The forces acting on the projectile then are, gravity and the quadratic air resistance.

Now, both forces are opposing the projectile, would that mean that if I make gravity negative (-mg) that my air resistance would also need to be negative?

ma = -mg-cv^2 ?

2. Sep 23, 2007

mgb_phys

Air resistance always acts to slow the object, so on the way up it works in the same direction as gravity - pulling the object down.
But on the way back down it acts agaisnt gravity, slowing the descent.

3. Sep 23, 2007

Oblio

Ok good.
I'm starting with the upward motion so they're both negative.

Now, I need to find that the time to the top of the trajectory is

t= (v$$_{ter}$$/g) arctan(vo/v$$_{ter}$$)

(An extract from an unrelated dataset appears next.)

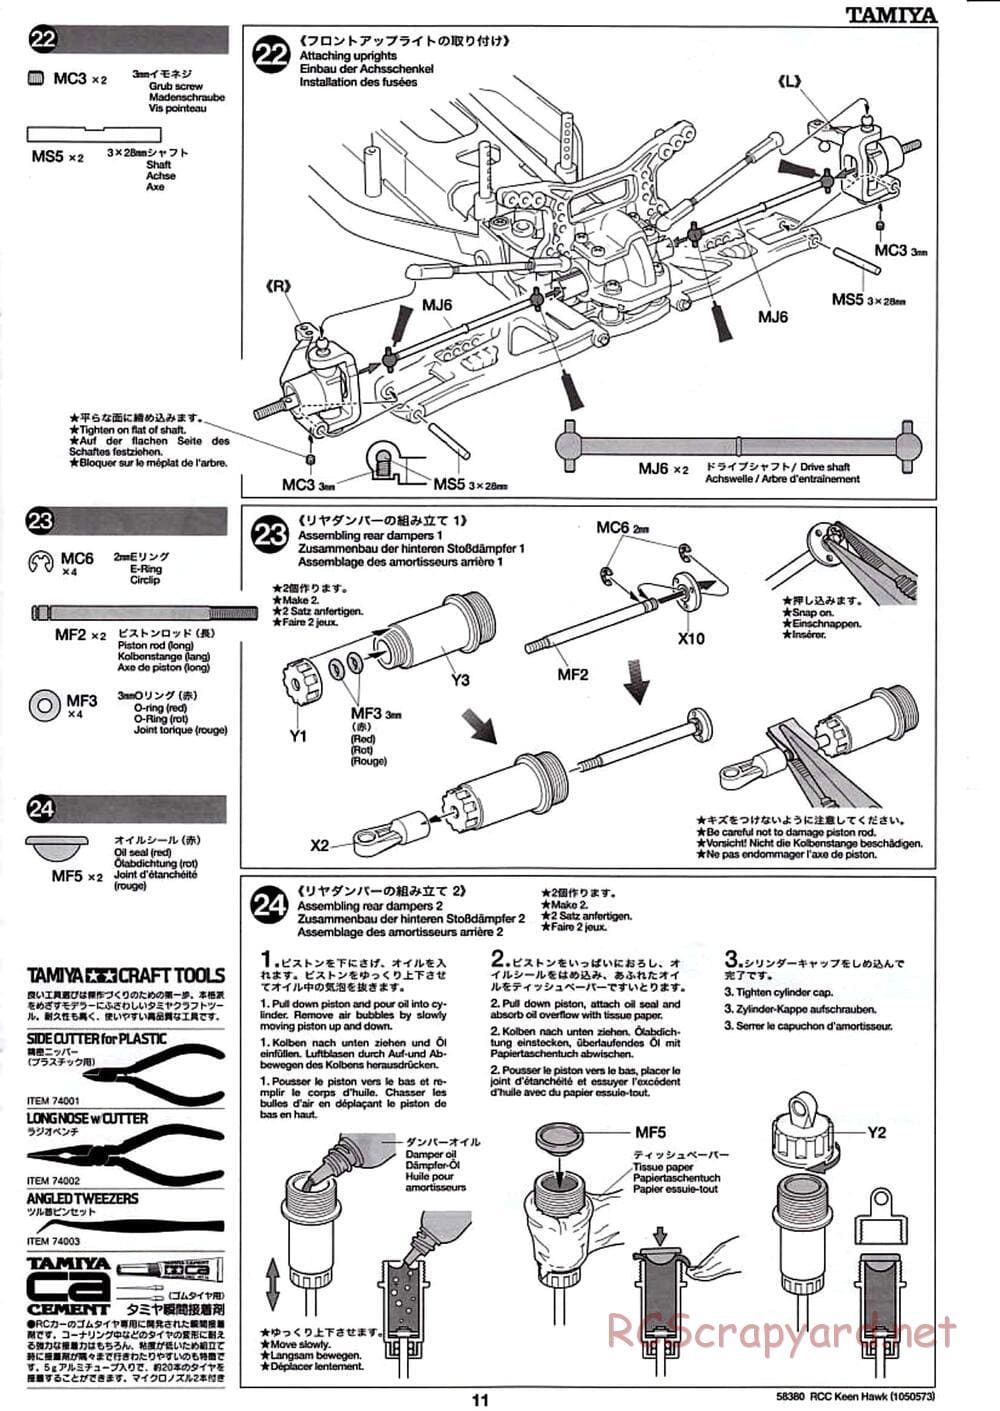 Tamiya - Keen Hawk Chassis - Manual - Page 11

I think I would need to work in that switch where the quadratic air resistance becomes positive? Am I on the right track?

I solved v to be
v=sqrt[ma +mg/-c]

4. Sep 23, 2007

Oblio

I am completely failing to see how trig is finding its way into this, and I was supposed to find the v as a function of t, and technically time is found deep within 'c', do you think my equation is satisfactory as a function of t?

5. Sep 23, 2007

learningphysics

Is it thrown straight up?

So upwards... ma = -mg-cv^2

downwards... ma = -mg+cv^2

You need to solve the differential equation

mdv/dt = -mg - cv^2 for the upwards part...

[/quote]

I get the dt from above.

Last edited: Sep 24, 2007
6. Sep 23, 2007

Oblio

That's where I'm failing to understand it.. why would arctan be needed?

7. Sep 23, 2007

Oblio

p.s. I AM trying to upgrade my lacking integration skills...

8. Sep 23, 2007

learningphysics

Personally, I had to look up that integral... so that's why I know arctan works.

9. Sep 23, 2007

Oblio

I'm not sure HOW any trig would find its way into this integral though..

(hehe thanks though)

10. Sep 23, 2007

trig pops up in the strangest of places, and if you see it in a question like this where it looks like it wouldn't have any relevance, you should be able to smell the calculus. You will learn to recognise these

11. Sep 23, 2007

learningphysics

Yeah, I understand.

But all you need is to know that $$arctan(x) = \int{\frac{1}{1+x^2}dx}$$

12. Sep 23, 2007

Oblio

before I go to that,is my equation a satisfactory function of time?

13. Sep 23, 2007

Oblio

because c = gamma(D), and D='something with time in it, lol I forget) I'm not sure if it's good enough.

14. Sep 23, 2007

learningphysics

which equation?

15. Sep 23, 2007

Oblio

v=sqrt[ma +mg/-c]

16. Sep 23, 2007

learningphysics

that equation is correct, but I'm not sure how you want to use it... You need to do the integral I posted:

dt = -mdv/(mg+cv^2)

integrate both sides of this...

17. Sep 23, 2007

Oblio

The question said to solve it for v as a function of t though.
Do you mean to do that afterwards?

18. Sep 23, 2007

learningphysics

yes.

19. Sep 23, 2007

Oblio

Ok.
I think these questions were written so that I do the order prescribed, whichis actually wrong:P

20. Sep 23, 2007

Oblio

c is a complicated number.. not sure how to integrate it..

21. Sep 23, 2007

learningphysics

It's just a constant. you may need to do a variable substitution...

dt = -mdv/(mg+cv^2)

tf - ti = $$\int\frac{-mdv}{mg(1+(c/mg)v^2}$$

tf - ti = $$\frac{-m}{mg}\int\frac{dv}{1+(c/mg)v^2}$$

22. Sep 23, 2007

Oblio

this entire section's a constant.. yes? : (c/mg)

23. Sep 23, 2007

learningphysics

Yes.

24. Sep 23, 2007

Oblio

so will it be:

v / [(c/mg)(v^3/3) + v^2 ] ?

25. Sep 24, 2007

learningphysics

No... try to get the integral to look like the integral I posted for arctan...

use a variable substitution:

$$u = \sqrt{\frac{c}{mg}}*v$$